Re: 死んで花実が咲くものか ( No.16 )
日時: 2019/06/17 01:45
名前: わらび餅 (ID: WoqS4kcI)

一輪目『勿忘草』
 
 
 
 
 
馬車に乗り、ガタガタと揺られながら流れていく景色を目で追う。都市の喧騒は遥か彼方、眼前に広がるのは静寂と木々だけだった。山にしては整備された道を行きながら、鳥のさえずりに耳を傾ける。
 お兄さん曰く、この山奥にひっそりと暮らすひとりの作家さんがいるらしい。とても人気のある方らしく、彼の出す本は飛ぶように売れるのだとか。
 本。本は、ほとんど読んだことがない。買うお金も暇もなかったというのもあるが、村にあった数少ない本の殆どが古い図鑑だったり、医学の本だったりしたため、物語が綴られた本を読んだことがないのだ。そもそも、村人の中で文字を読める人は限られており、需要がなかったのかもしれない。
 そんなことをぼんやりと考えながら景色に目を向けていると、馬を操っていた気だるげなおじさんが声をかけてきた。
 
「兄ちゃんもモノ好きだなァ。娘さんはこっち初めてだろ? この兄ちゃん、こんな山奥の変人に会いに、毎度毎度大きな荷物まで持って遠路はるばるよくおいでになってな。いくら仕事だからってさ」
「仕事ですからね。誰であろうと何処であろうと、求められれば行きますよ」
「仕事熱心なこった。俺だったら願い下げだね。恋人の死に涙ひとつ流さず、挙句の果てに話のネタにしようとする男だぜ? 血も涙もありゃしねェ」
 
 今から会うその作家さんは、私のような患者ではない。患者だったのは彼の恋人で、既に亡くなっている。お兄さんはここにくる道中にそう語った。作家さんの恋人が咲かせた死花の手入れを、定期的に頼まれているのだという。
 それにしても、酷い話だ。もしそれが真実であったのなら、変人、血も涙もないなどと言われても仕方の無いことではあるが。
 
「知ってるかい? 娘さん。噂によれば、花咲き病目当てで恋人に近づいたって話だぜ。その女も可哀想になぁ」
 
 前を向いているため顔は伺えないが、可哀想にと言った声音はとても悲しみを滲ませたものではなく、むしろどこか面白がっているようでもあった。
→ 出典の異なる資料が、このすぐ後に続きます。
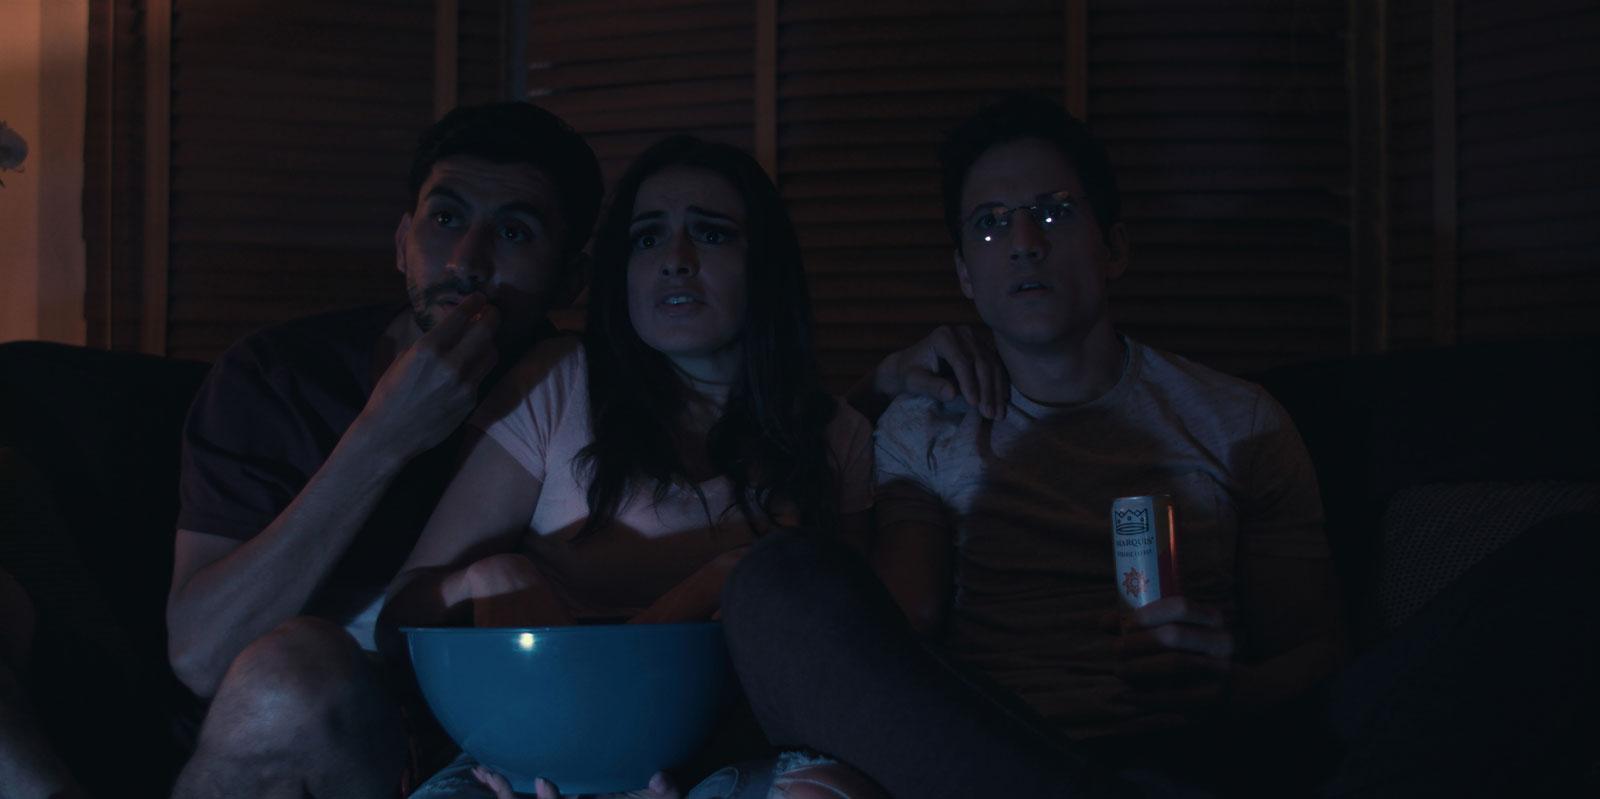 Isaac-(Rene-Mena)-Emily-(Vannessa-Vasquez)-and-Mark-(Mike-C.-Manning)-watch-TV.jpg

噂だと言いながらも、そうだと断定しているように話すおじさんに、思わず顔を顰めた。
 ちらり、と隣に座っているお兄さんを見ると、彼は相変わらず完璧な微笑みを浮かべていた。何を考えているのかも、相変わらず分からない。
 
「──ほら、着いたぜ。帰りはいつもの時間でいいのか?」
 
 馬車が止まる。緩やかな風に攫われる髪を手でおさえながら、目の前の屋敷を見上げた。屋敷と言っても、モネさんの屋敷のような大きなものではなかったが、佇まいは凛としていて品を感じる。
 お兄さんは袋に入ったお金をおじさんに手渡し、にっこりと笑った。
 
「いや、今回は知人に迎えを頼んでいるので大丈夫です。ありがとうございます」
「ヘェ、珍しいな。それなら俺はこれで。せいぜいネタにされないよう気をつけろよ」
 
 ニヤニヤと笑いながら馬を操り去っていくおじさんをみて、お兄さんは浮かべていた笑みを消し去り深く息を吐き出した。持っていた大きな鞄を肩にかけ直しながら、その顔を顰めてみせた。
 
「ああ、やっと解放された。会う度に同じことを馬鹿の一つ覚えみたいにぺちゃくちゃと。俺にじゃなく作家先生本人に言ってみろって話だよなぁ」
 
──どうやら、お兄さんにも思うところがあったらしい。いなくなった途端ぶちぶちと毒を吐き始めた。
 なんだか、ハイルさんと見えない恩人さんに出会ってから、こうして毒を吐くお兄さんを見ることが増えた気がする。毒でなくとも、少しの愚痴だったり不満だったりも多いが、なんとなく、これが彼の素なのだろうかと思うようになった。恩人さんに対しての冷たい態度を見たあとなので、あまり驚きはしなかったが。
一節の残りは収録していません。